Вереница однообразных картин нищеты. Продали лошадей, коров, все. Задолжались. Начинают уже отдавать в аренду «души». А впереди еще длинная голодная зима.
— Что будем делать? Что будем делать?
Едят картошку и не всегда хлеб.
Мальчики-ученики «русско-башкирской» казенной школы бледны, худы.
В мои руки попал циркулярный «документ».
Белебеевский инспектор народных училищ просит учителей сообщить, «сколько учеников требуют подкормки».
Боясь, как бы этот вопрос не вызвал напрасных ожиданий, инспектор спешит оговориться:
«Сведения эти нужны на тот случай, не будет ли изыскано каких-либо средств. Пока же ничего нет».
На этом документе красуется «ироническая» надпись:
«Секретно».
В никифаровской школе «подкормки» (выражение больше ветеринарное, чем педагогическое) требуют чуть ли не все.
С сентября голодные люди осаждают власть, требуя помощи. Ходят в «контор» (волостные правления), плачут там. Пишут приговоры. «Толкаются» к земскому.
Но в ответ им одно молчание.
Проект помощи был.
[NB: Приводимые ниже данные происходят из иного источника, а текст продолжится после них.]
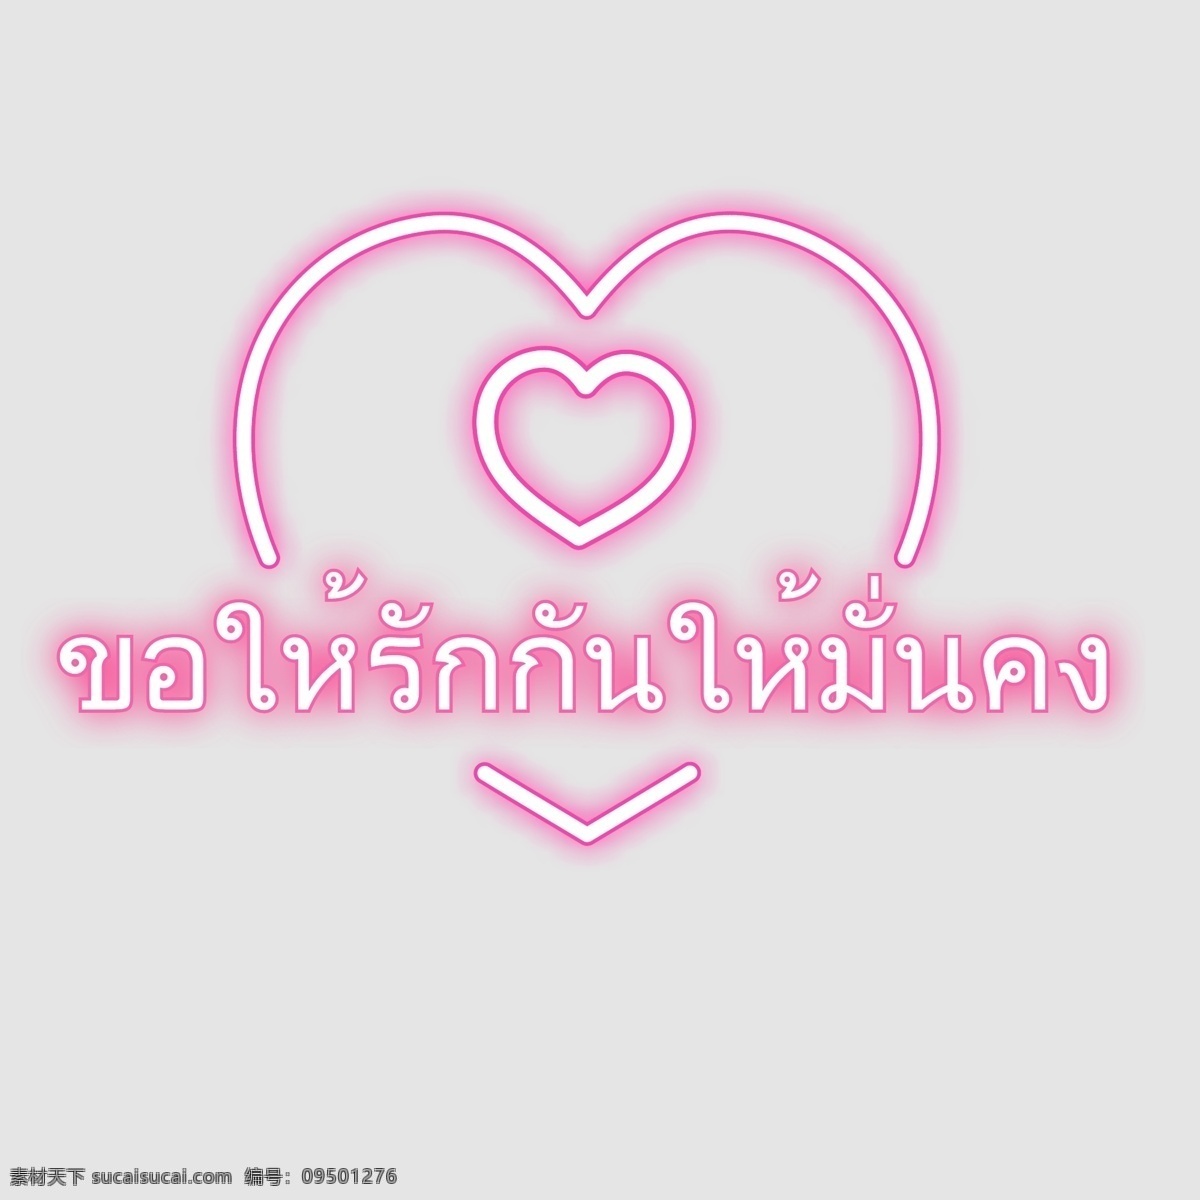 泰国 文字 字体 要求 稳定 爱 粉红 心

Проект грандиозный, разработанный земским начальником.
Нужны дорога от Киргизмиак до Никифарова и элеватор. Дорога, действительно, нужна, но зачем элеватор? Кто строит элеваторы в 10-ти верстах от станции железной дороги, в местности, где ссыпка хлеба небольшая?
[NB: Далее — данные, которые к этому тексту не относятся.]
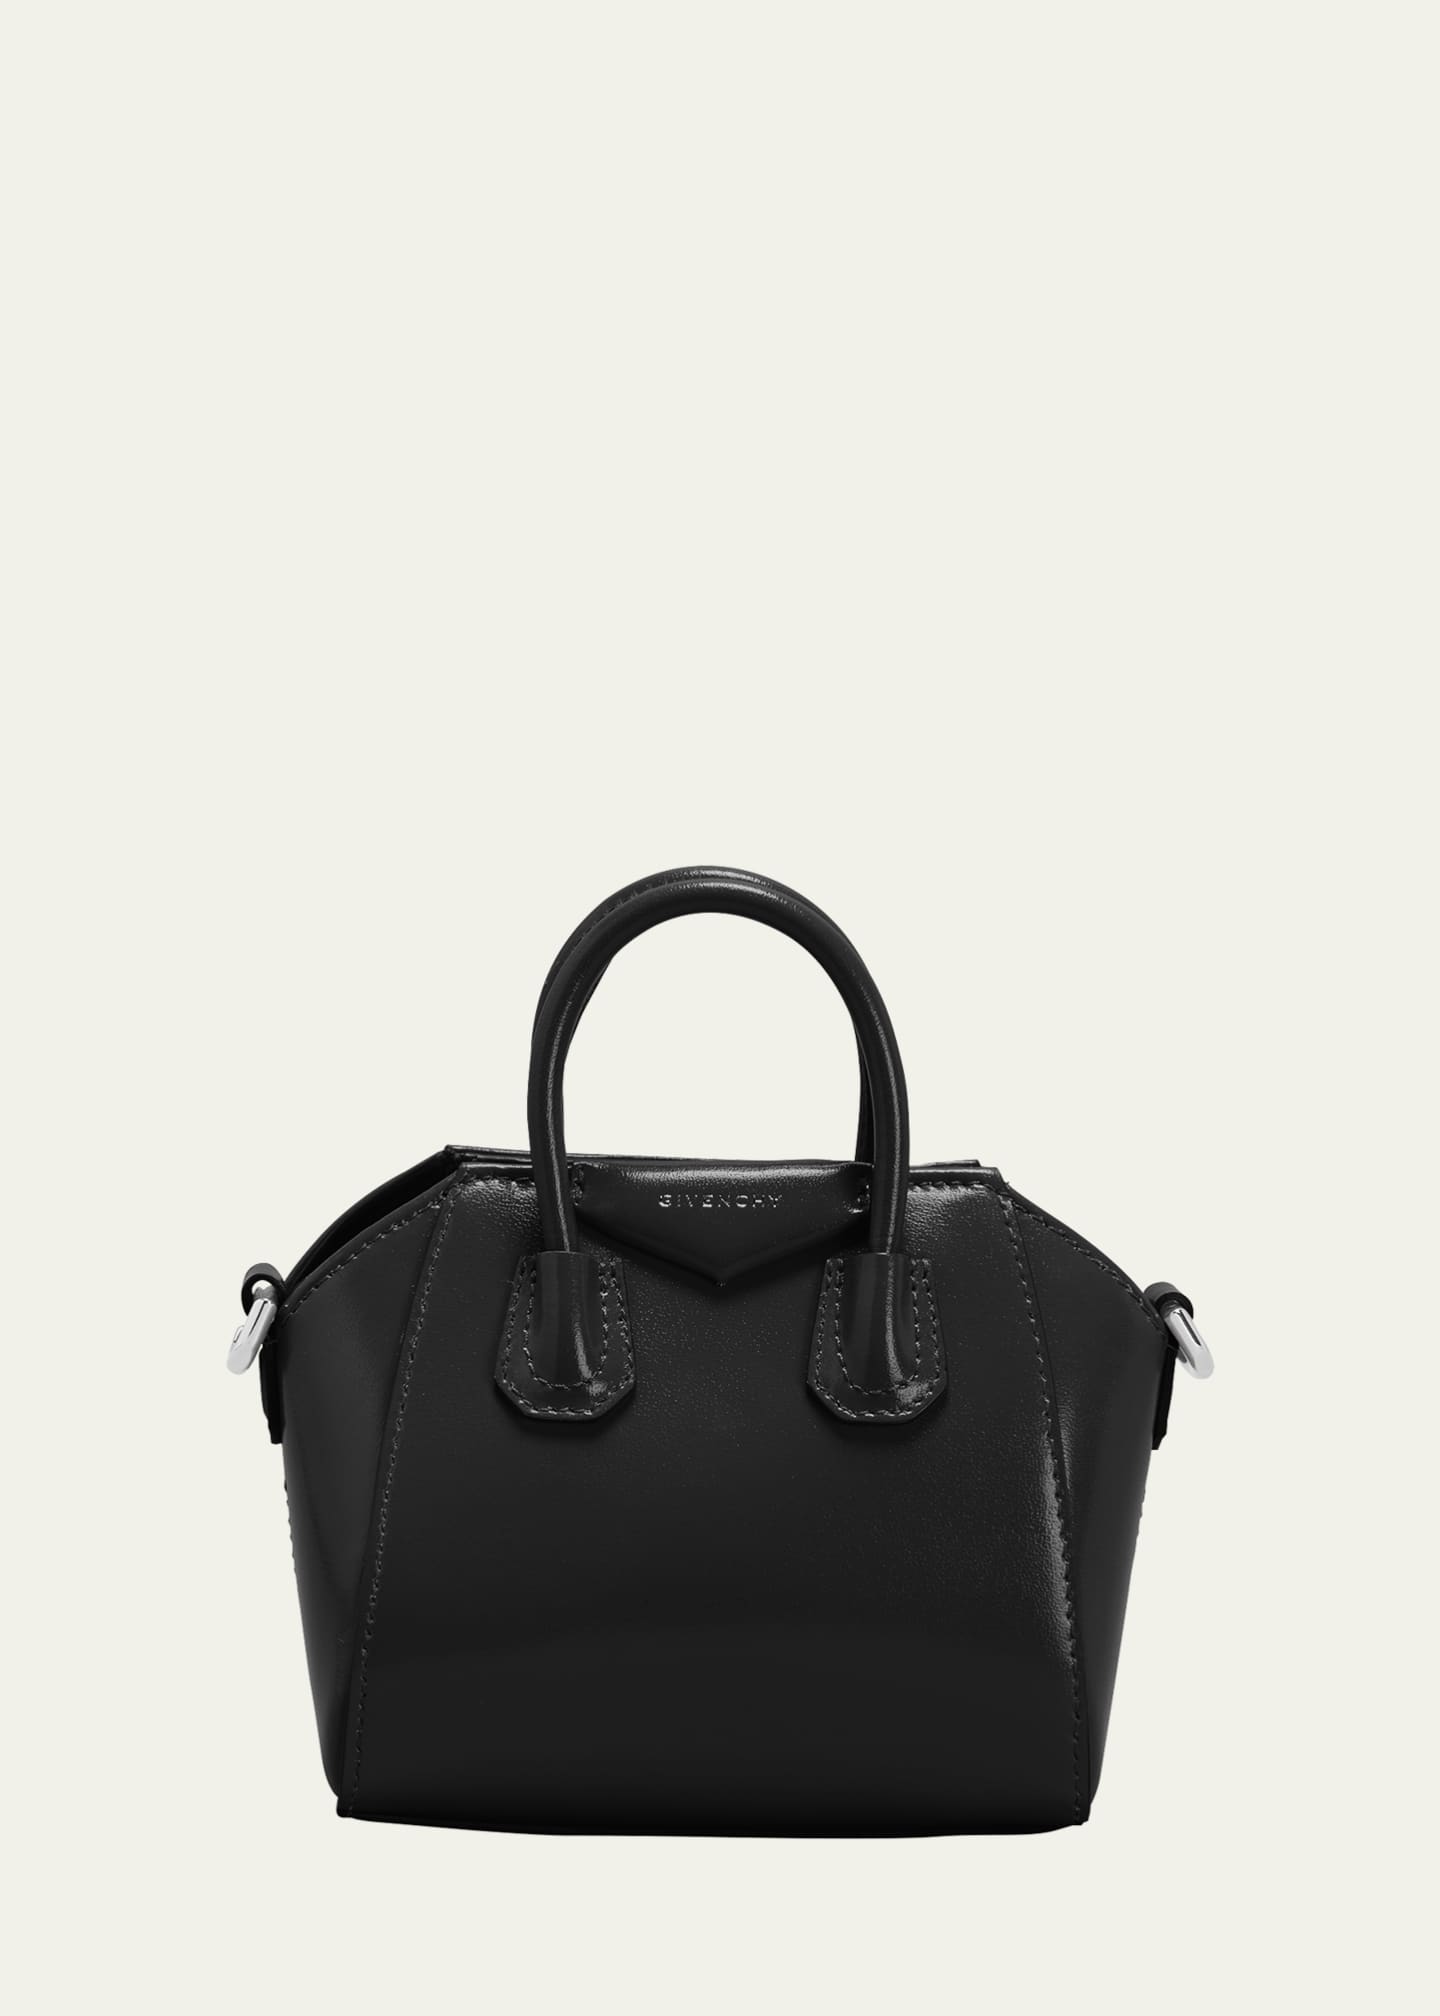 Givenchy Antigona Micro Leather Tote Bag in Black

Проект одобрен уездным съездом и губернским присутствием. Осталось его осуществить. Но пришла зима, которой земский начальник, видимо, не ожидал в нынешнем году, и расстроила все дело. Какие работы зимой?..
...Налево, по нашему пути, у подножия холма, приютилась деревенька Некатамак.
— Больно бедна, — сообщает ямщик…
У 100 дворов нет своего хлеба. Десятки семей «на границе».
— Каждой семье нужна лошадь в месяц, — определяет продовольственную помощь один татарин.
Лошадь стоить теперь 8—10 руб. На эти деньги семья может кое-как просуществовать месяц.
— Но лошадей-то у нас было не 8, а по одной, много по две.
В одной избе затоплена печка. Тепло. Но есть нечего. «Сам» лежит — мочи нет: живот неделю болит и голова. Жена смотрит на огонь. Вошел с плачем оборванный мальчик с сумкой — это сын. Он только что из школы. Руки красные от мороза.
— Ашать хочу...
— Что ел ныне? — спрашиваю.
— Две картошки дали в школе богатые.
На двух картошках он просуществовал до 5-ти час. вечера.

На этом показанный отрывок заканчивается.